All this information, entwined with Dumitru Dan’s biography, on which I kept uncovering a growing number of clues that hinted it might not have been as exciting as his own stories belayed, had a weird effect on me--they made me feel that, beyond the discussion on facts versus fiction, certain coincidences exist, which do not easily lend themselves to interpretation. After ‘navigating’ through so many countries and continents, I kept ending up in Buzău, in one way or another, as if I were some conspiracy theorist looking for secret portals and tunnels that connect Pleșcoi to Michigan.In order to avoid completely succumbing to fantasy, however, I decided to take a quick trip to Buzău.
The Dumitru Dan idea
I left Bucharest on a freezing morning with washed-out grey skies and my first stop was at the Buzău County Museum, hidden among ‘80s apartment buildings, in the same edifice as the “George Ciprian” Theater.
The Around the World on Foot - 497 “Opinci” exhibition is somewhere upstairs, in a room filled with the sound of folklore songs. The exhibition aims to recreate certain scenes in the four Romanians’ journey, with descriptions of their adventures through the jungle, desert, and other remote realms. At the entrance, you are greeted by panels filled with information about the journey around the world, undertaken by Dan, Pascu, Negreanu, and Pîrvu, “which began on April 1, 1910.” There are many pairs of opinci, too, strewn all over the place like bunches of grapes, all of them new and shiny, probably never worn. Along the walls, several displays of photos, newspaper clippings, documents, all of them dating back to 1914-1916.
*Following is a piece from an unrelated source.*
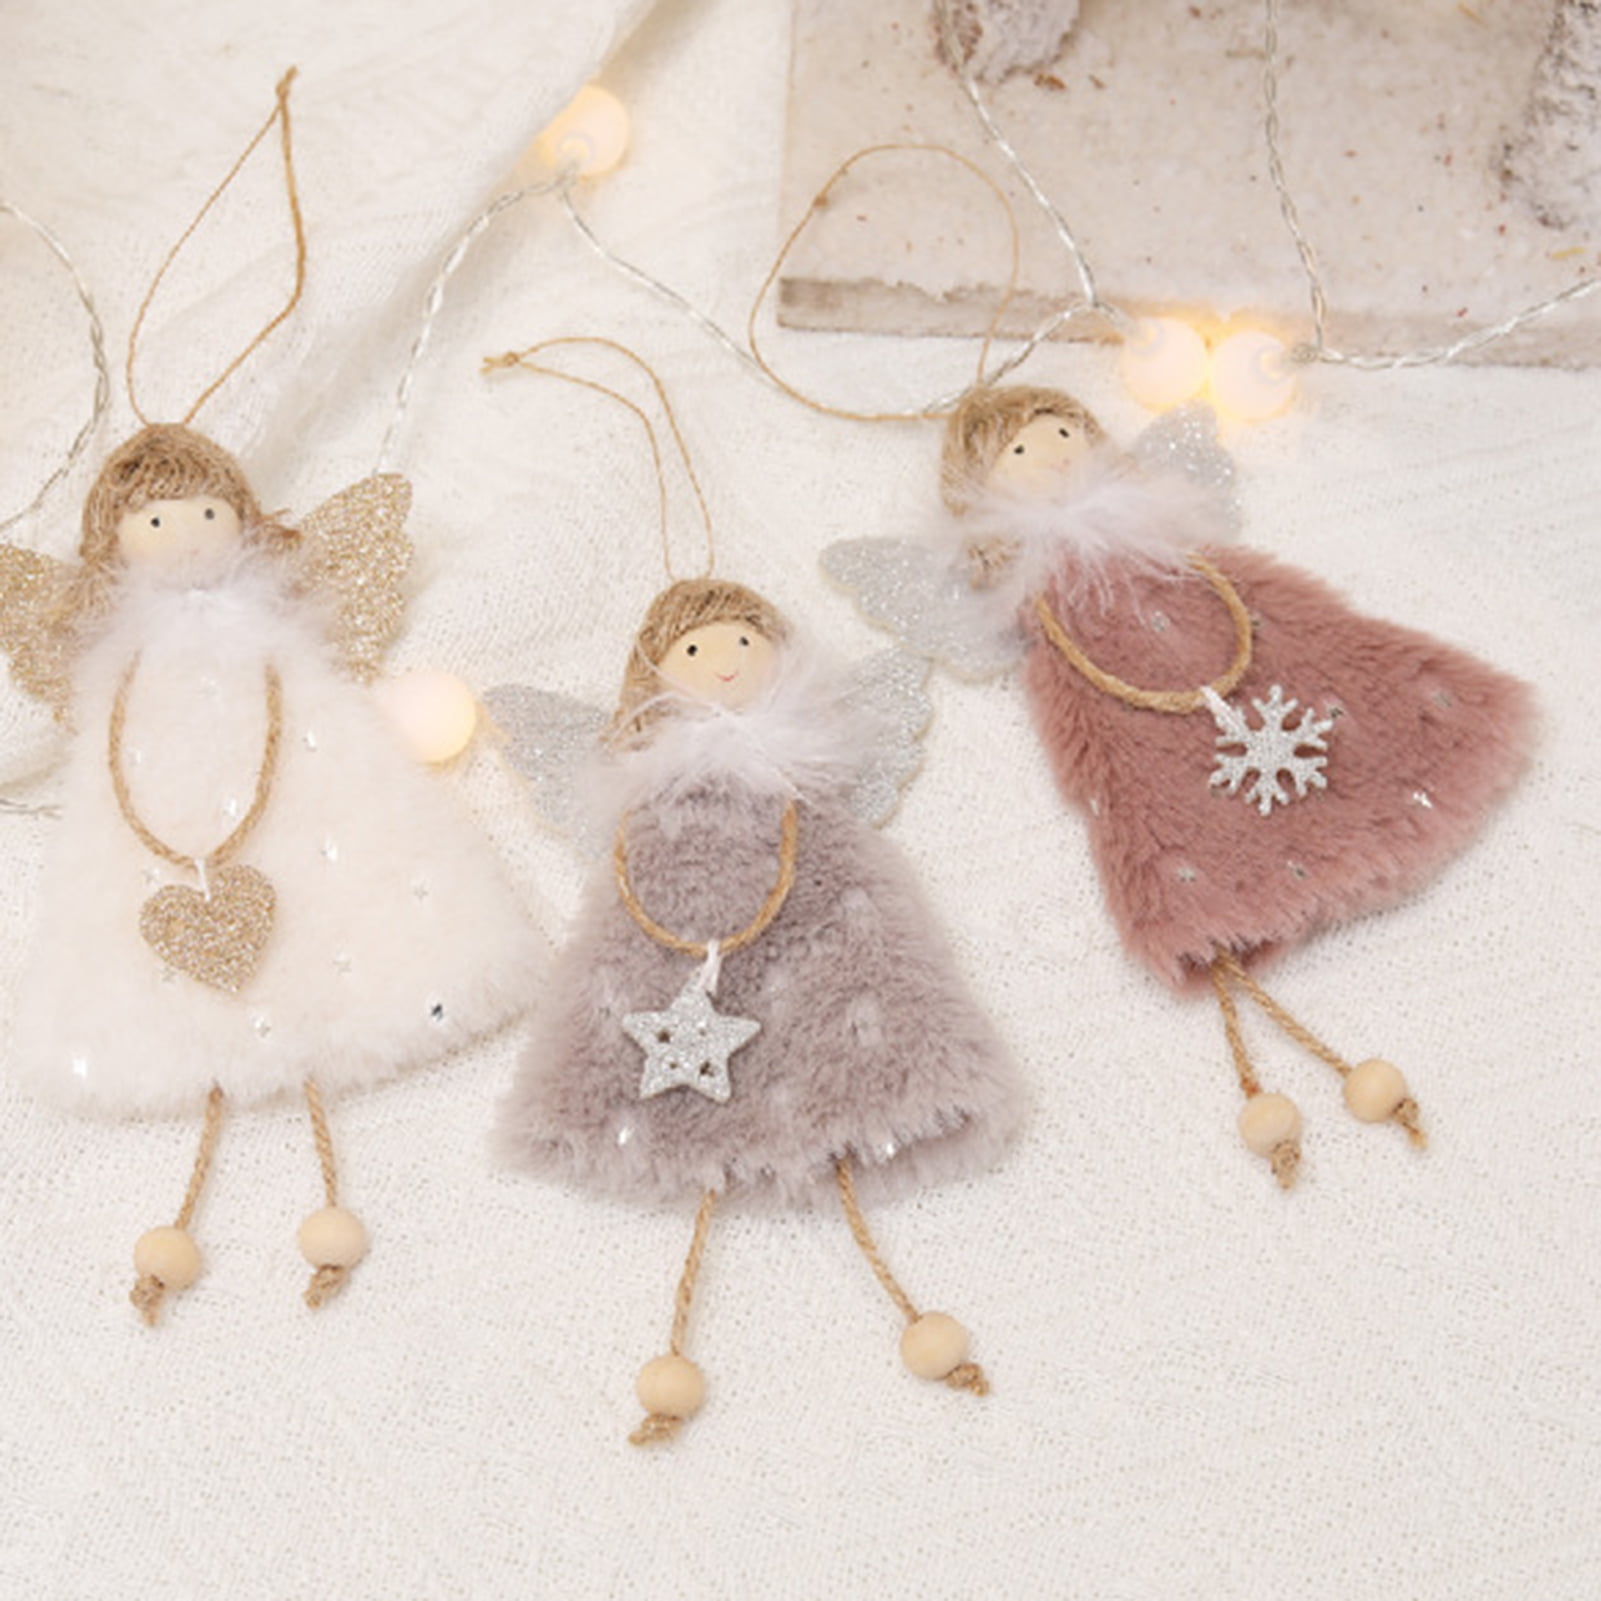 Wholesale Angel Hair Christmas Decoration To Get Into The Christmas Spirit  - Alibaba.com

What’s at once surprising and funny is that these very displays include documents that actually contradict the story Dan told throughout the years and information that is at odds with the main description, on which the exhibition is based. Among them, a clipping from an American newspaper that describes Paul Pîrvu as “the Cleveland-based Romanian that recently joined Dumitru Dan” on his tour across the US--while the official story says Pîrvu had left Romania a few years prior. An article from a Michigan newspaper says Dan is touring the world on foot, in a competition “with a prize of $20,000,” as opposed to the 100,000 Francs in the original version.
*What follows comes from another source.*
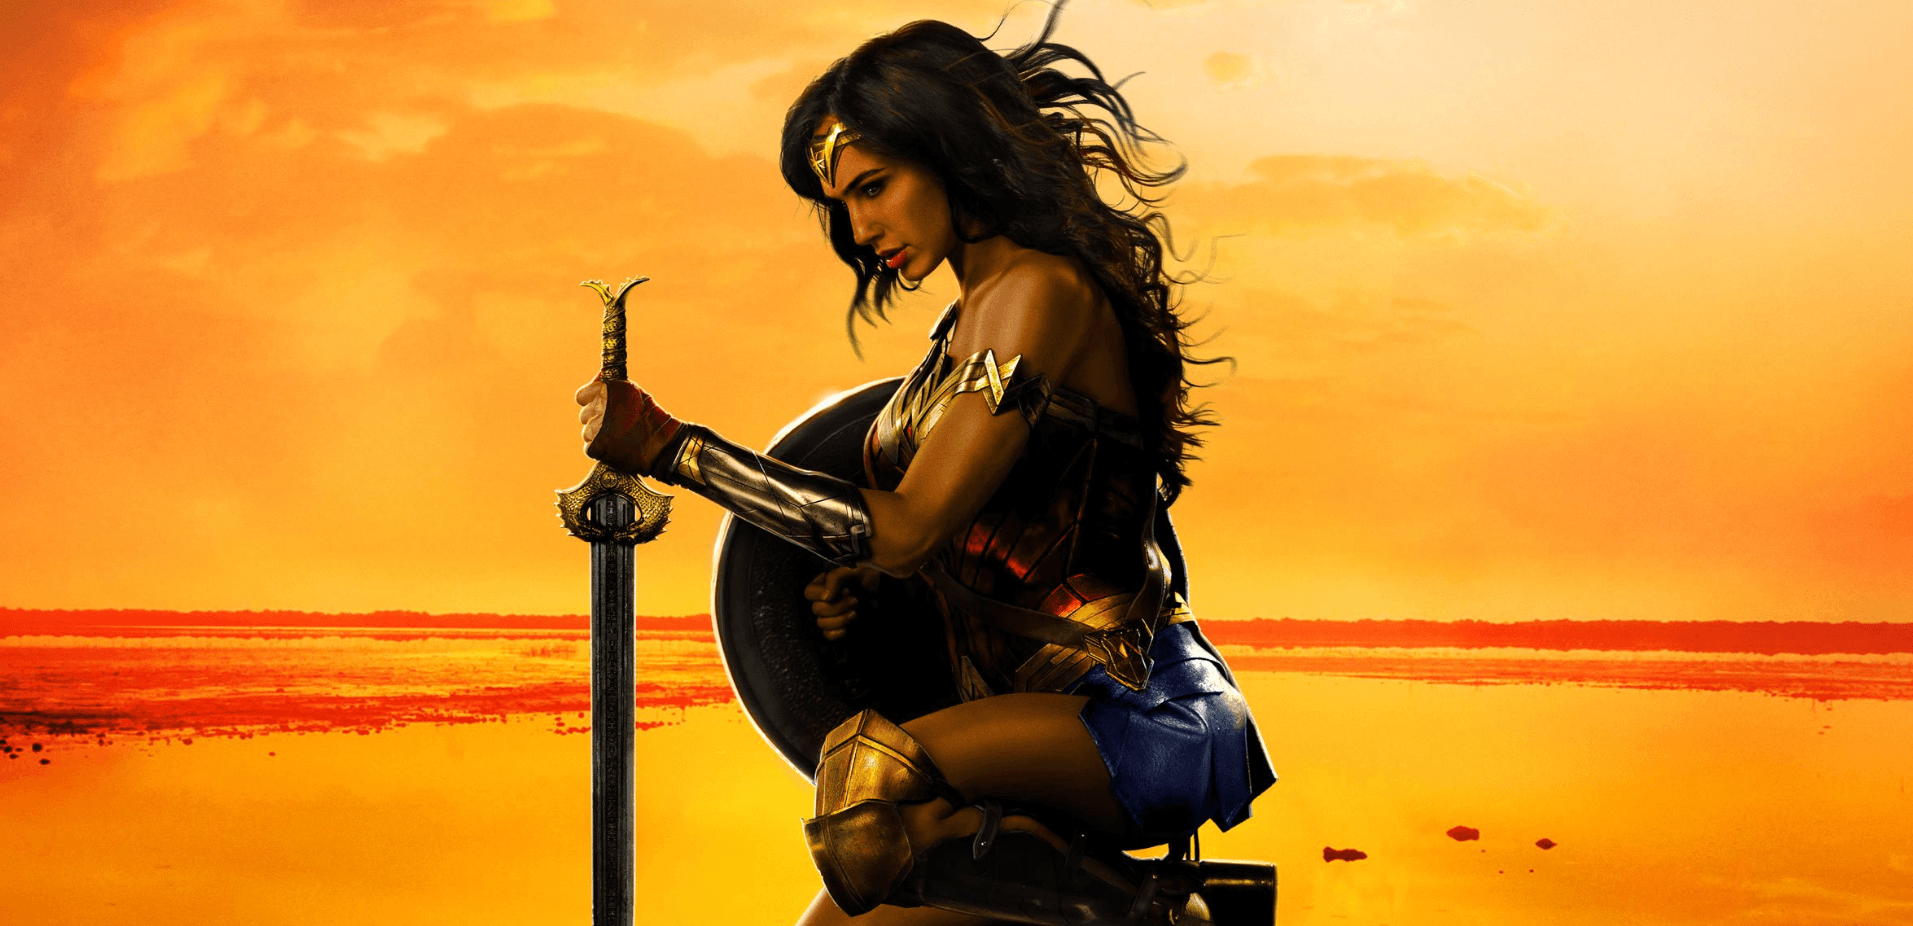 Wonder Woman Free Full Movie

Aftering touring the opinci room, I went to the office of the manager, Daniel Costache, who invited me to sit down for a cup of coffee. Costache told me from the get-go that nobody in Buzău had heard of Dumitru Dan before this exhibition. “And, I must admit, we, at the museum, had no clue about him either,” he added, sipping on his coffee.
The idea behind the project emerged some ten years ago, when several Buzău County Museum employees received training in Denmark.
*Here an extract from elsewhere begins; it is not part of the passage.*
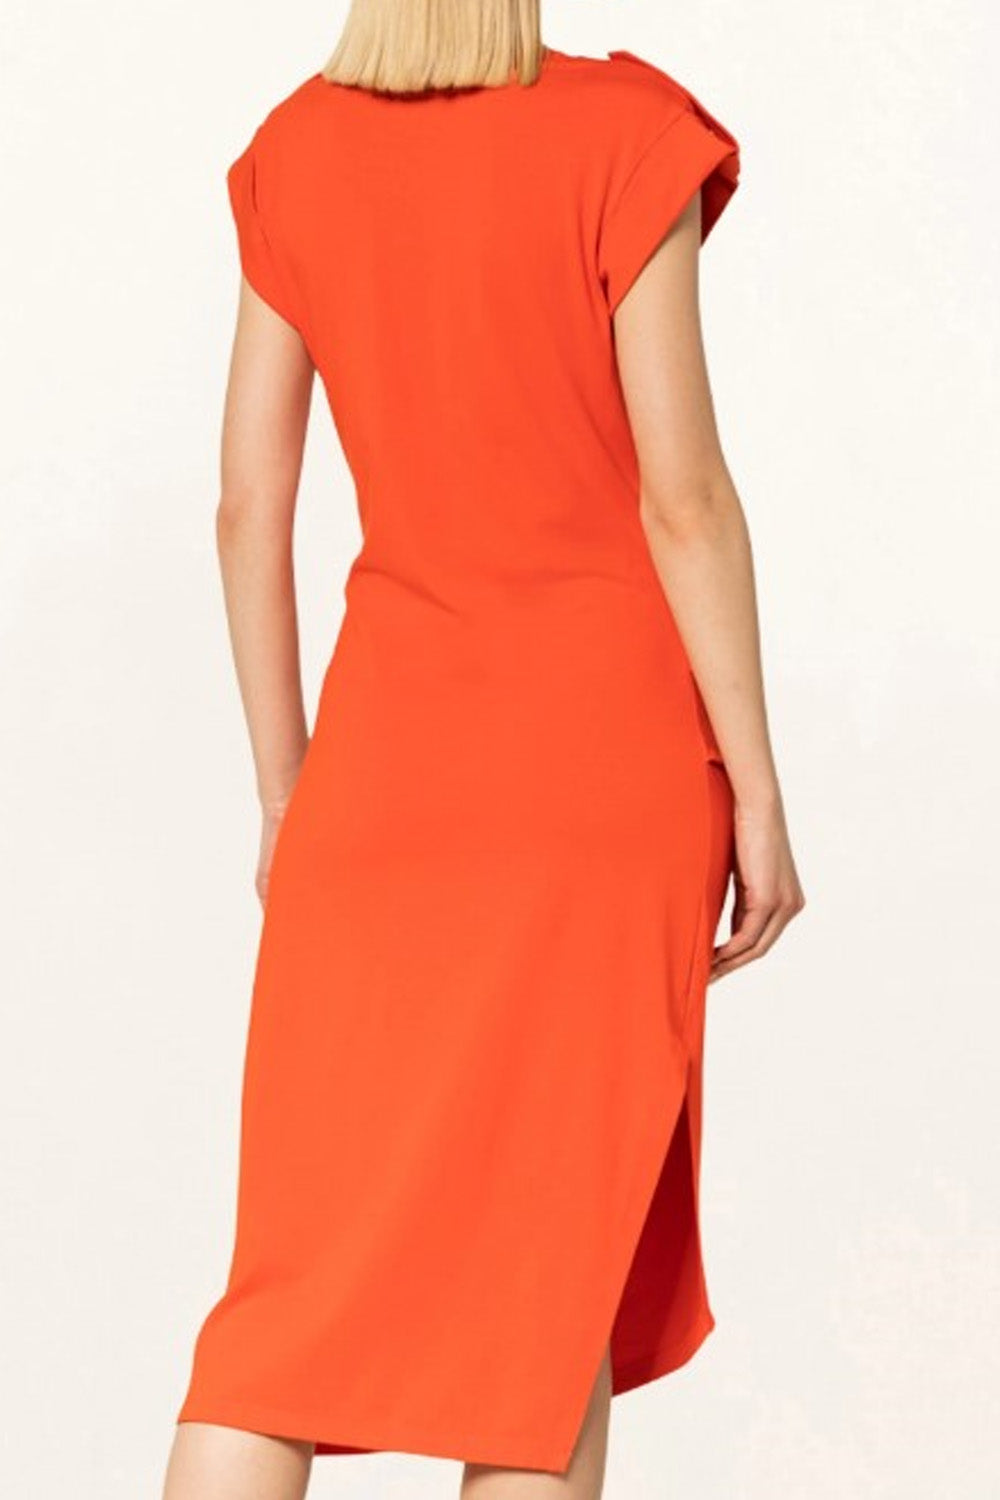 Mellifluous Orange Dress

“One of the trainers there, who was also a journalist, told us, Oh, that’s so cool, you’re from Buzău, you’ve got Dumitru Dan there!,” the museum manager recalls. “And the guy was obviously surprised that we’d never heard about him. So, then we decided to look into this. So, the input for the exhibition came from abroad, it didn’t come from us.”
Costache remembers the exhibition’s opening event in 2015 “slayed,” as people were only then discovering Dumitru Dan. Since then, the museum has sought to “sell the Dumitru Dan idea” in various forms, including through associated events, such as the County Cycling Tour, organized in his memory.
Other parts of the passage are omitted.